Last month Coastal Boats Near Sidney sold for $1.14 million, propelling E.J. Hughes into an exclusive group of 12 Canadian artists who have sold paintings for more than a million dollars.

Canadian Painter E.J. Hughes was born in North Vancouver
621 East 8th Avenue, North Vancouver

I love his work and thought he had always lived on Vancouver Island, so I was interested in his Vancouver connection.

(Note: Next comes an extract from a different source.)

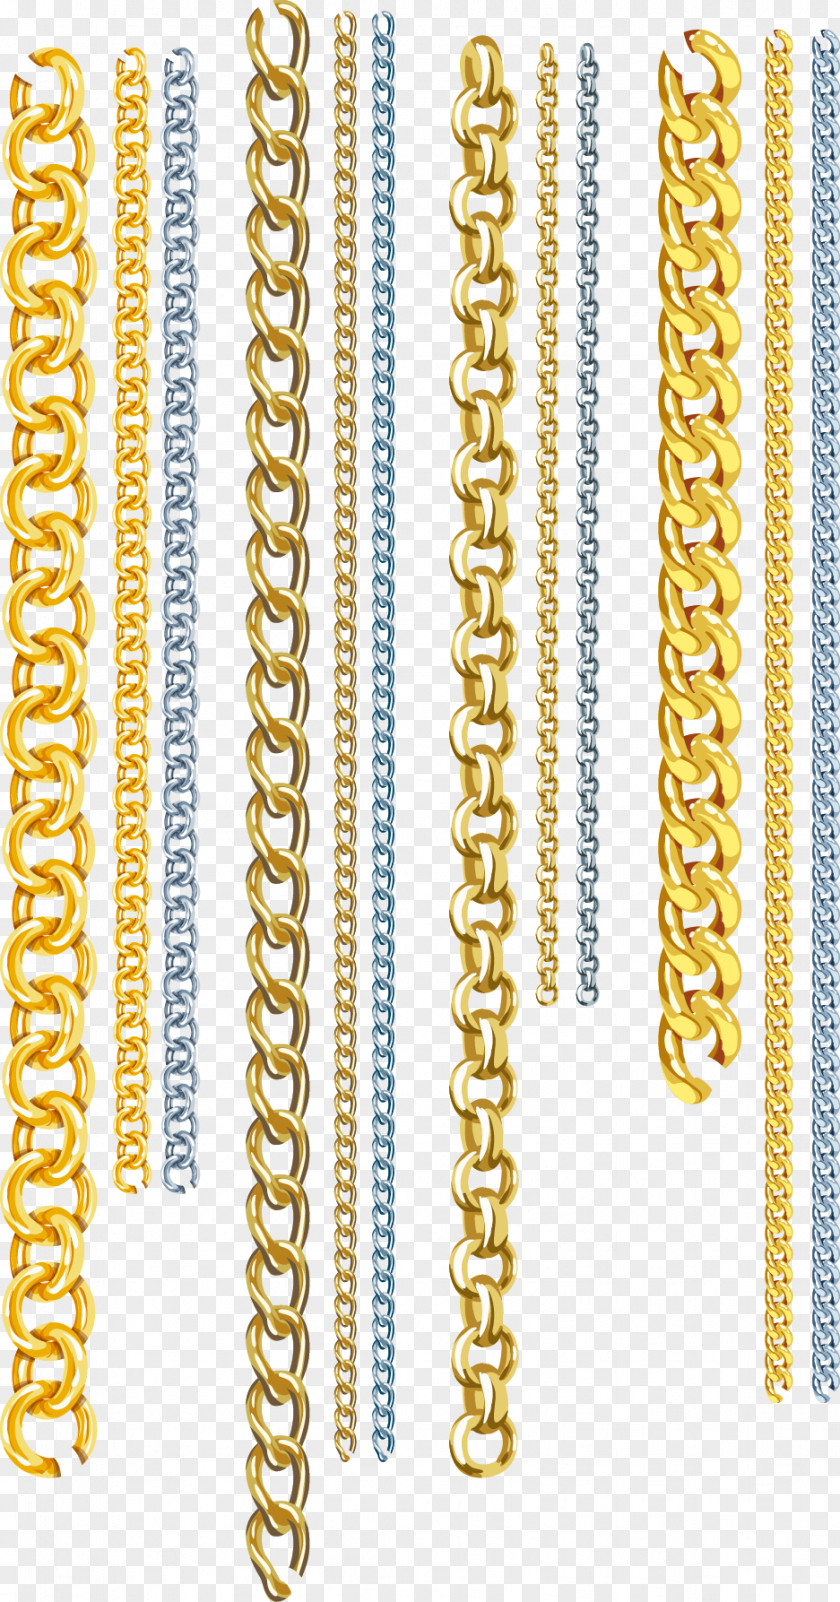 Vector Chains Gold Euclidean Chain PNG

Edward John Hughes was born in North Vancouver in 1913, but moved to Nanaimo with his parents, Edward Samuel Daniel Hughes and Katherine (McLean) soon after. The family moved back in 1923, and according to the Street Directories, Edward Hughes was a musician with the Orpheum Theatre. For the next several years they lived at 621 East 8th Avenue in North Van and Hughes attended North Vancouver High School and took private art classes with Mrs. Verrall at North Star School. The family disappears from the city directories in 1931 and Hughes pops up at 4675 West 4th Avenue in 1934. By that time he would have been in the last year of a four year program at the Vancouver School of Decorative & Applied Arts studying under artists such as Fred Varley and Jock Macdonald.

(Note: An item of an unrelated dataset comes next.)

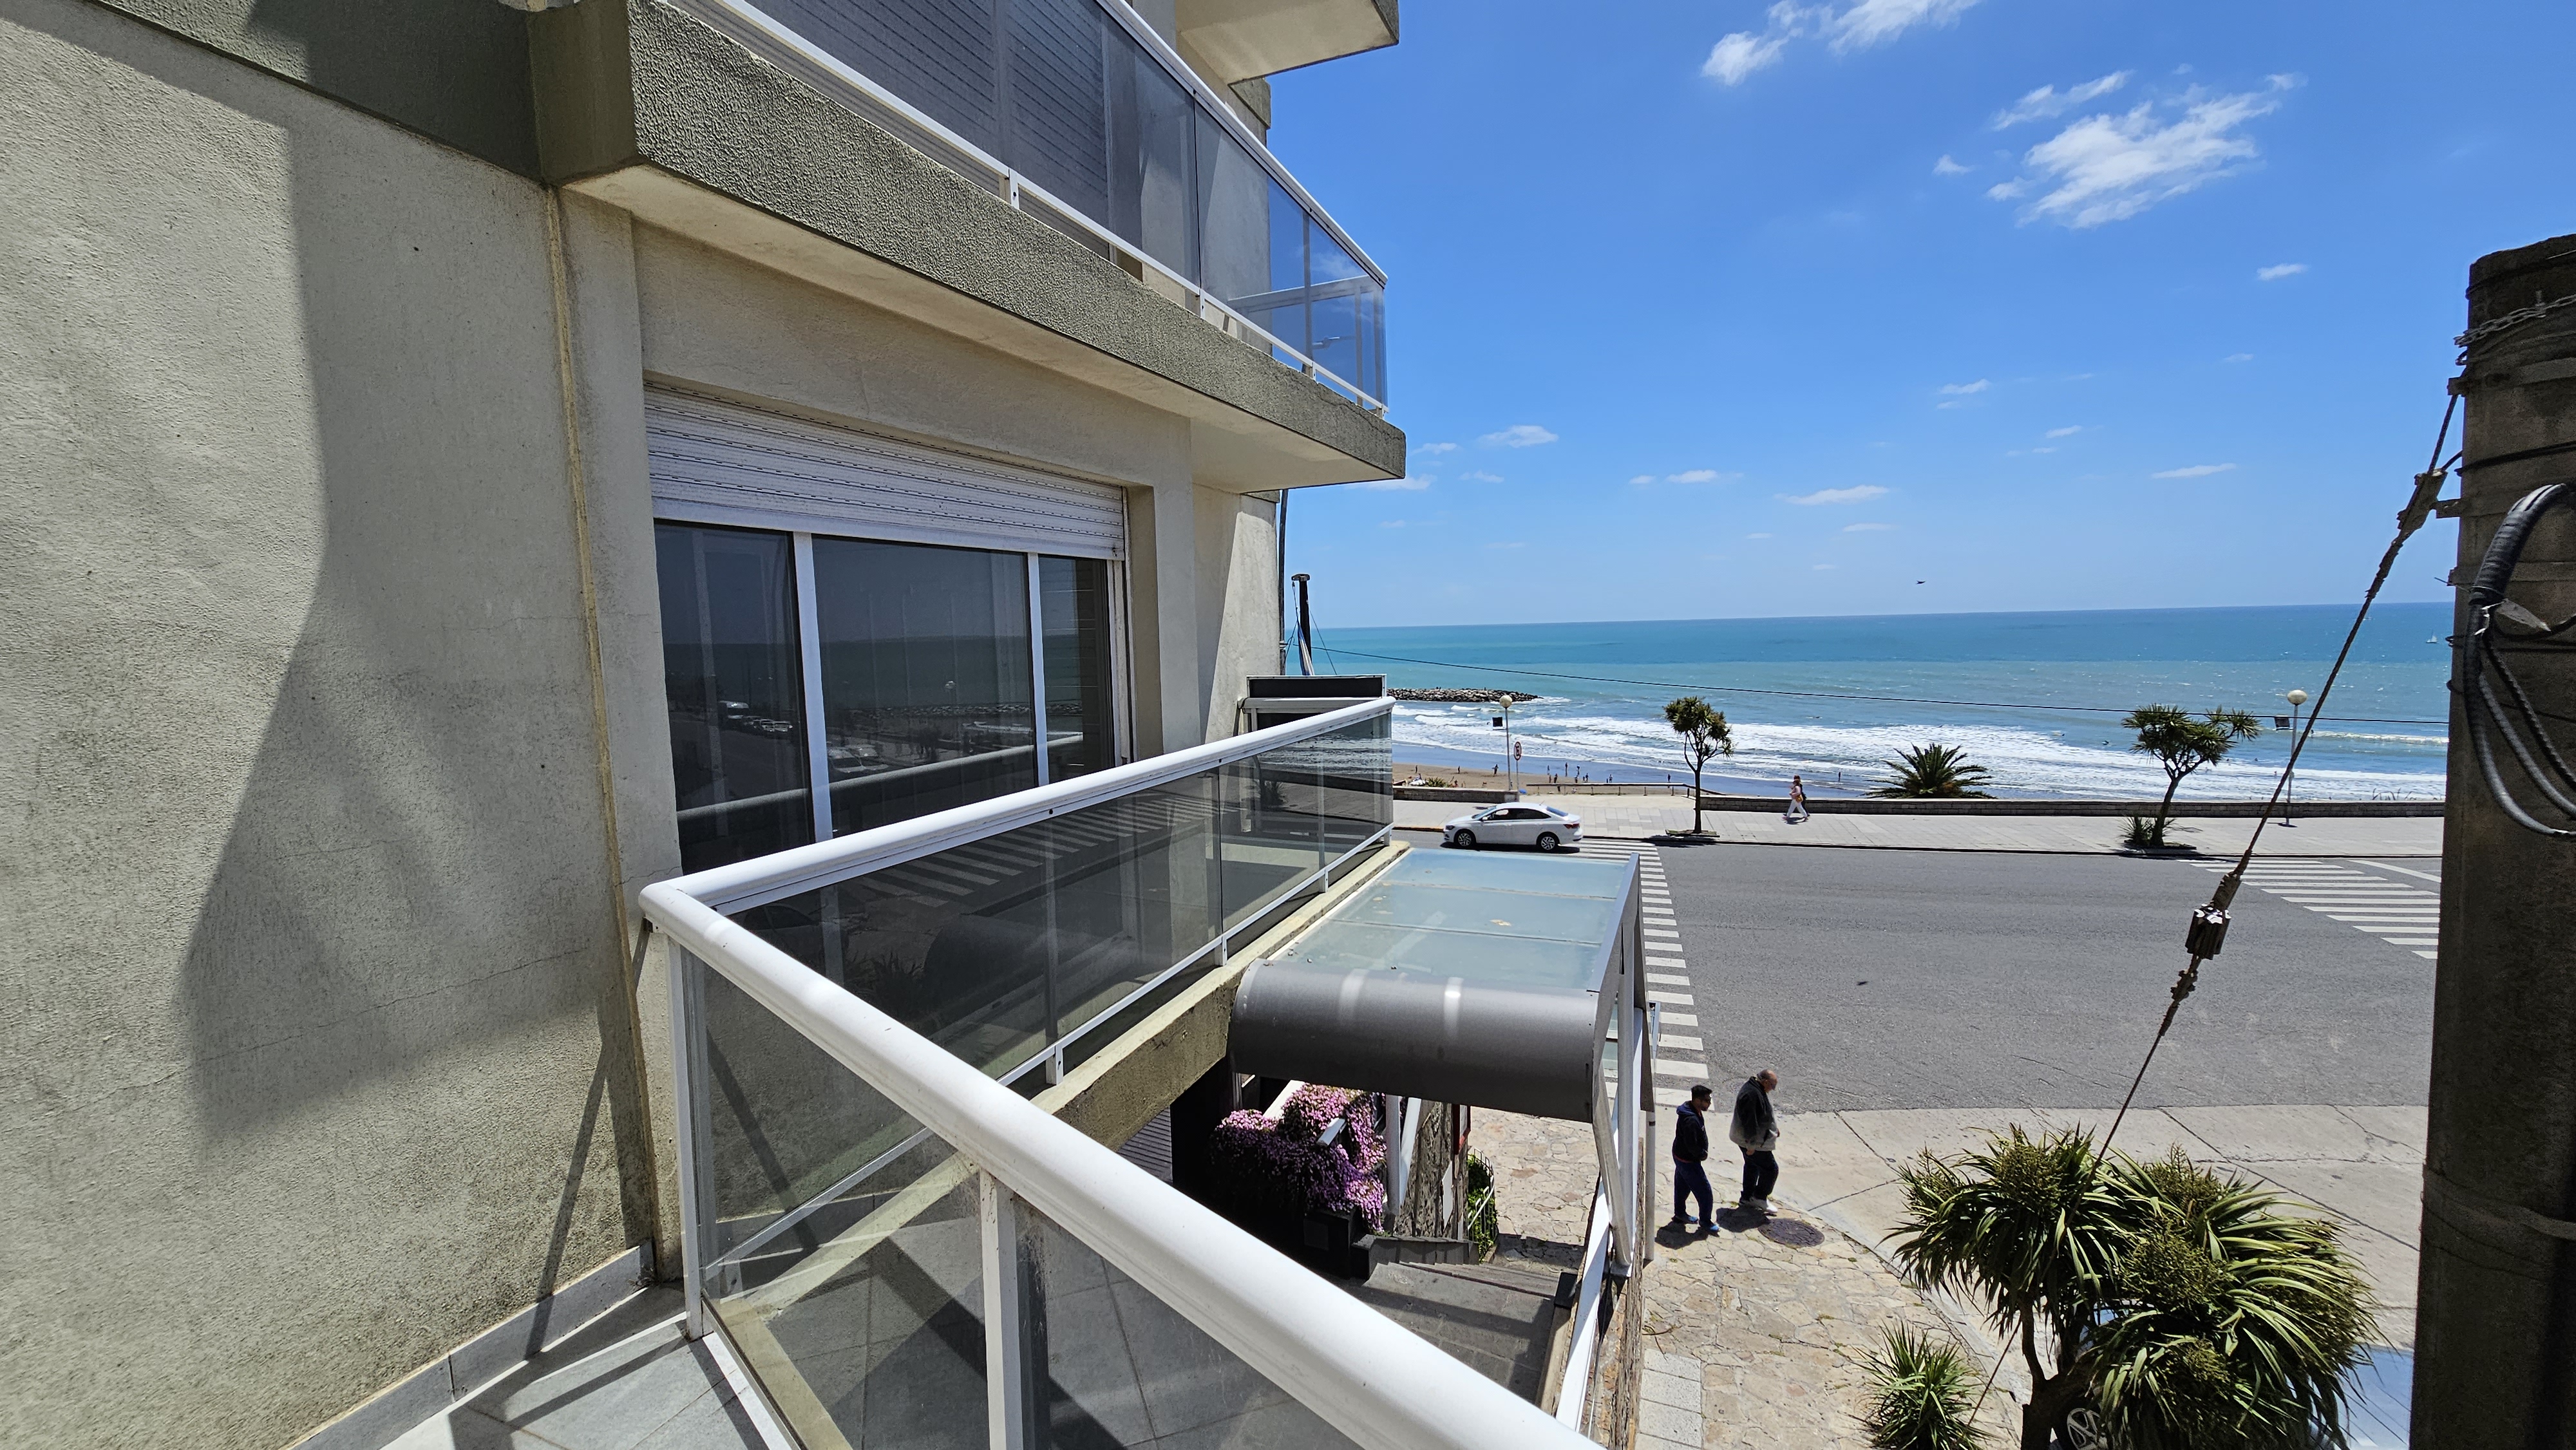 En venta departamento de 3 ambientes con vista al mar. Playa Varese

One of his best known paintings—Indian Church, North Vancouver is also one of his earliest.  According to a book by the Heffel Gallery (1990), Hughes did the first sketch in 1931 when he and another student were examining the vestibule of St. Pauls Indian Church on West Esplanade. Chief Andy Paul appeared and told them to join the service or leave. They left, but Hughes came back and made his first sketch. Hughes told writer Patricia Salmon “Once Lawren Harris wrote me from the east suggesting that it wouldn’t sell because it was too dark. I feel it has been successful.”

St. Paul's Indian Church
Indian Church, North Vancouver

In 1938 Hughes was one of three unknown artists commissioned to paint murals for the Malaspina Hotel in Nanaimo. The work was boarded up in the ‘50s and rediscovered during demolition of the hotel in 1996. Hughes became an official war artist. He moved to Victoria in 1946, was awarded the Emily Carr Scholarship in 1947, and eventually died in 2007 at the age of 93 after a long and highly successful career.